Dans cette situation, le visitorat peut se demander où se trouve la différence entre la dénonciation et la simple représentation, si ce n’est l’explicitation d’un contexte. Il pourrait être reproché à l’artiste de vouloir faire passer un message sans mettre en place les canaux entre l'émetteur et le récepteur. Comment reprocher au visiteur de ne pas deviner le contexte, de ne pas le comprendre, si les outils nécessaires ne sont pas fournis ? Et ce d’autant plus sans avoir une base de connaissance artistique particulière ?
“Une exposition est une œuvre en soi et je l’envisage comme une performance”
- Miriam Cahn
Le panneau d’avertissement, même s’il a le mérite d’exister, ne donne pas d’information sur le contenu de ce que l’on s’apprête à voir, et il est donc difficile de déterminer si l’on peut s’aventurer dans l’espace ou s’il vaut mieux s’en tenir éloigné. Miriam Cahn évoque “Je m’intéresse aux échanges entre l’image et le spectateur”, mais pour quelles limites ? Une médiatrice évoque le fait que des parents viennent voir l’exposition accompagnés de leurs enfants. Quand elle leur dit que ce n’est peut-être pas une bonne idée, ceux-ci rétorquent parfois que ce n’est pas grave, “qu’ils sont trop jeunes pour comprendre, de toute façon”. L’exposition présentait peut-être des lacunes en termes de mise en garde.
… ou choquer pour dénoncer ?
L’échange de vive-voix avec un.e médiateur.trice semble nécessaire pour une compréhension plus poussée et plus juste du travail de Miriam Cahn.
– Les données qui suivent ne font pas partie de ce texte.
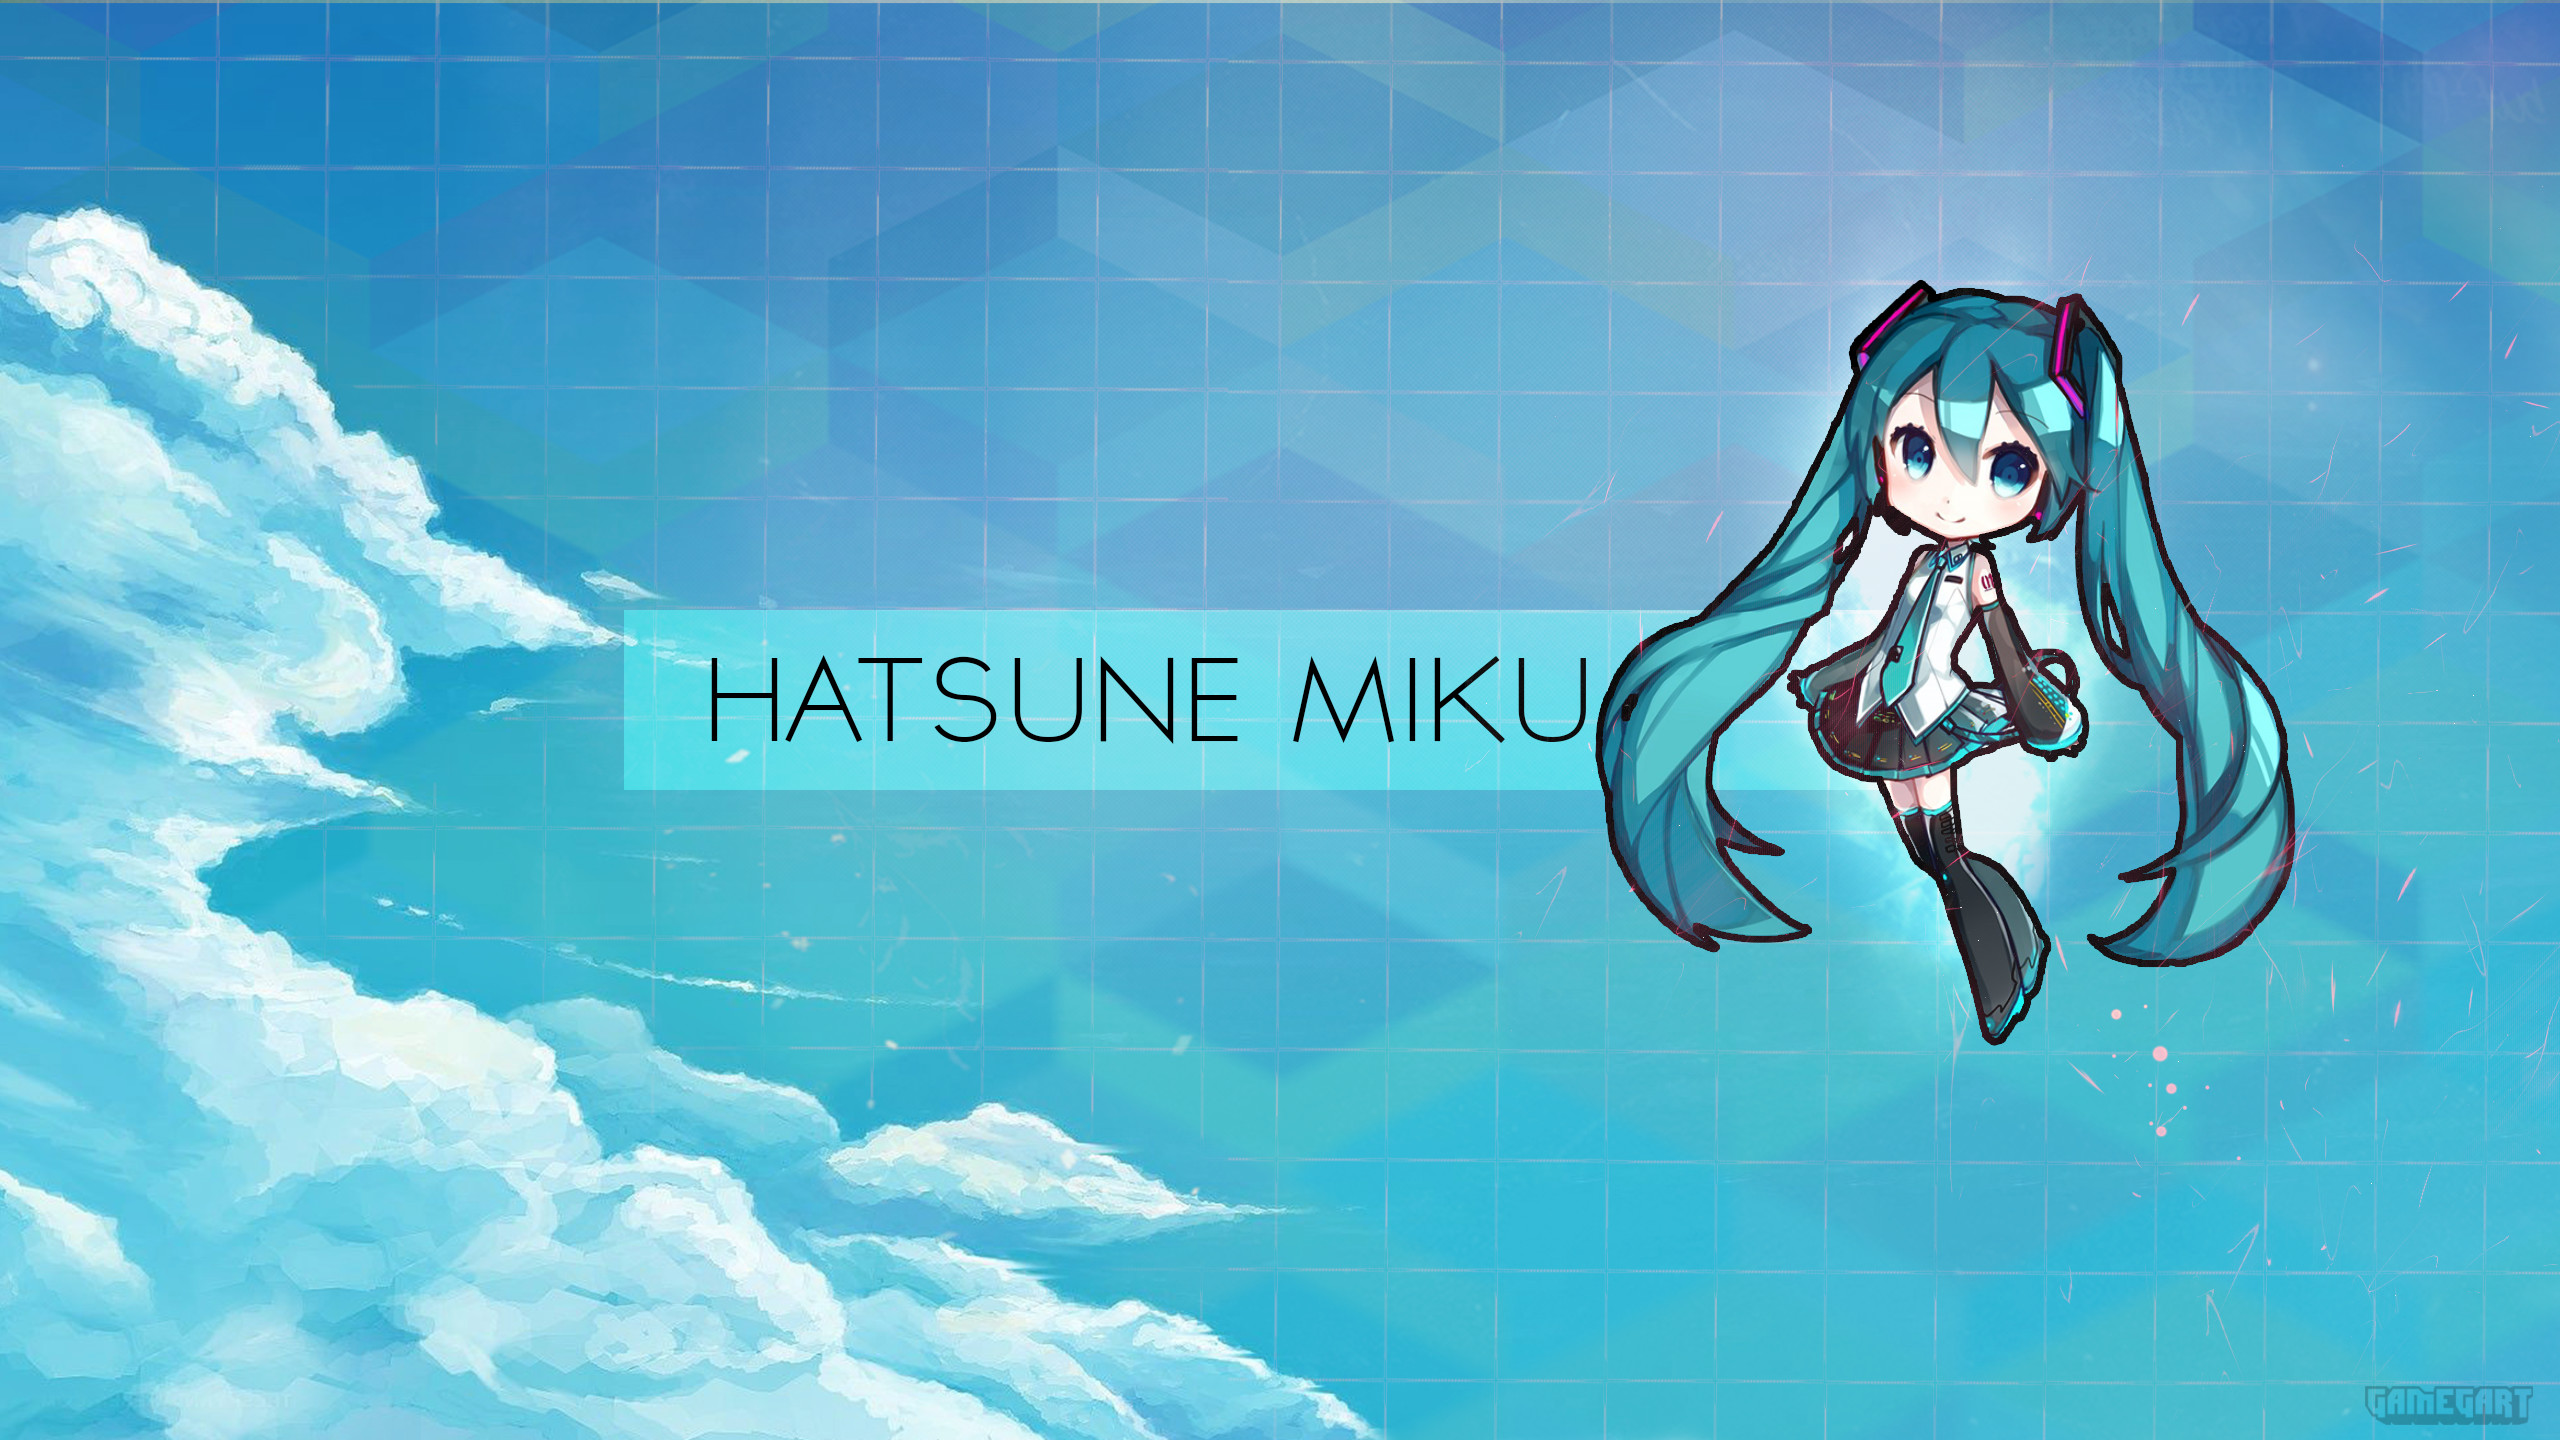 art hd hatsune miku wallpapers

Au travers des médias, nous baignons régulièrement dans la violence, dans des images de violence, sans jamais vraiment regarder, sans jamais vraiment en parler. La volonté de Miriam Cahn est de faire une pause sur ces images, et de ne plus taire le sujet. Dans cet espace, on a l’obligation de regarder cette souffrance, cette violence qui est un sujet politique dont il faut parler.
“Le vagin est l’organe qui tout à la fois engendre l’humanité et figure aussi le terrain de bataille, où l’humanité se perd dans la bestialité et l’obscurantisme”
- Miriam Cahn
L’artiste a observé que lorsqu'un cartel est présent, les visiteurs “se jettent” dessus, ils se raccrochent à la lecture, se coupant de l’émotion qu’ils peuvent ressentir face à l'œuvre. Et en parcourant l’exposition, on constate bien qu’il est difficile de penser que Miriam Cahn promeut cette violence qu’elle s’échine plutôt à dénoncer. Les dispositifs de prévention ont été renforcés depuis le dépôt des plaintes. Un ou une médiatrice est constamment posté.e dans la salle centrale, des panneaux d’avertissement sont installés, et un cartel, comme nous le disions plus haut, a été associé au tableau “problématique”.
Cartel apposé à côté de l'œuvre Fuck abstraction!, cible de la plainte de 6 associations de protection de l’enfance
Chaque œuvre a une signification propre qu’il n’est possible de saisir ou de cerner qu’au travers de l’échange avec la médiation, ou bien en ayant une connaissance préalable du travail de l’artiste, ce qui n’est sans doute pas le cas de la majorité des visiteurs. Persiste la question de ceux qui n’osent pas aller parler à un médiateur, qui reste à disposition mais ne va pas forcément à la rencontre des visiteurs. La salle est grande, silencieuse, elle résonne. On peut imaginer qu’il n’est pas toujours aisé de briser le silence pour aborder le sujet de ces images violentes qui nous touchent avec un.e parfait.e inconnu.e, surtout si l’on n’a pas l’habitude des expositions d’art contemporain. Et si la médiatrice est déjà occupée ? Et si elle a dû s’absenter ? Il faut donc que plusieurs paramètres soient réunis pour aborder le contenu du tableau avec le contexte et le recul nécessaire.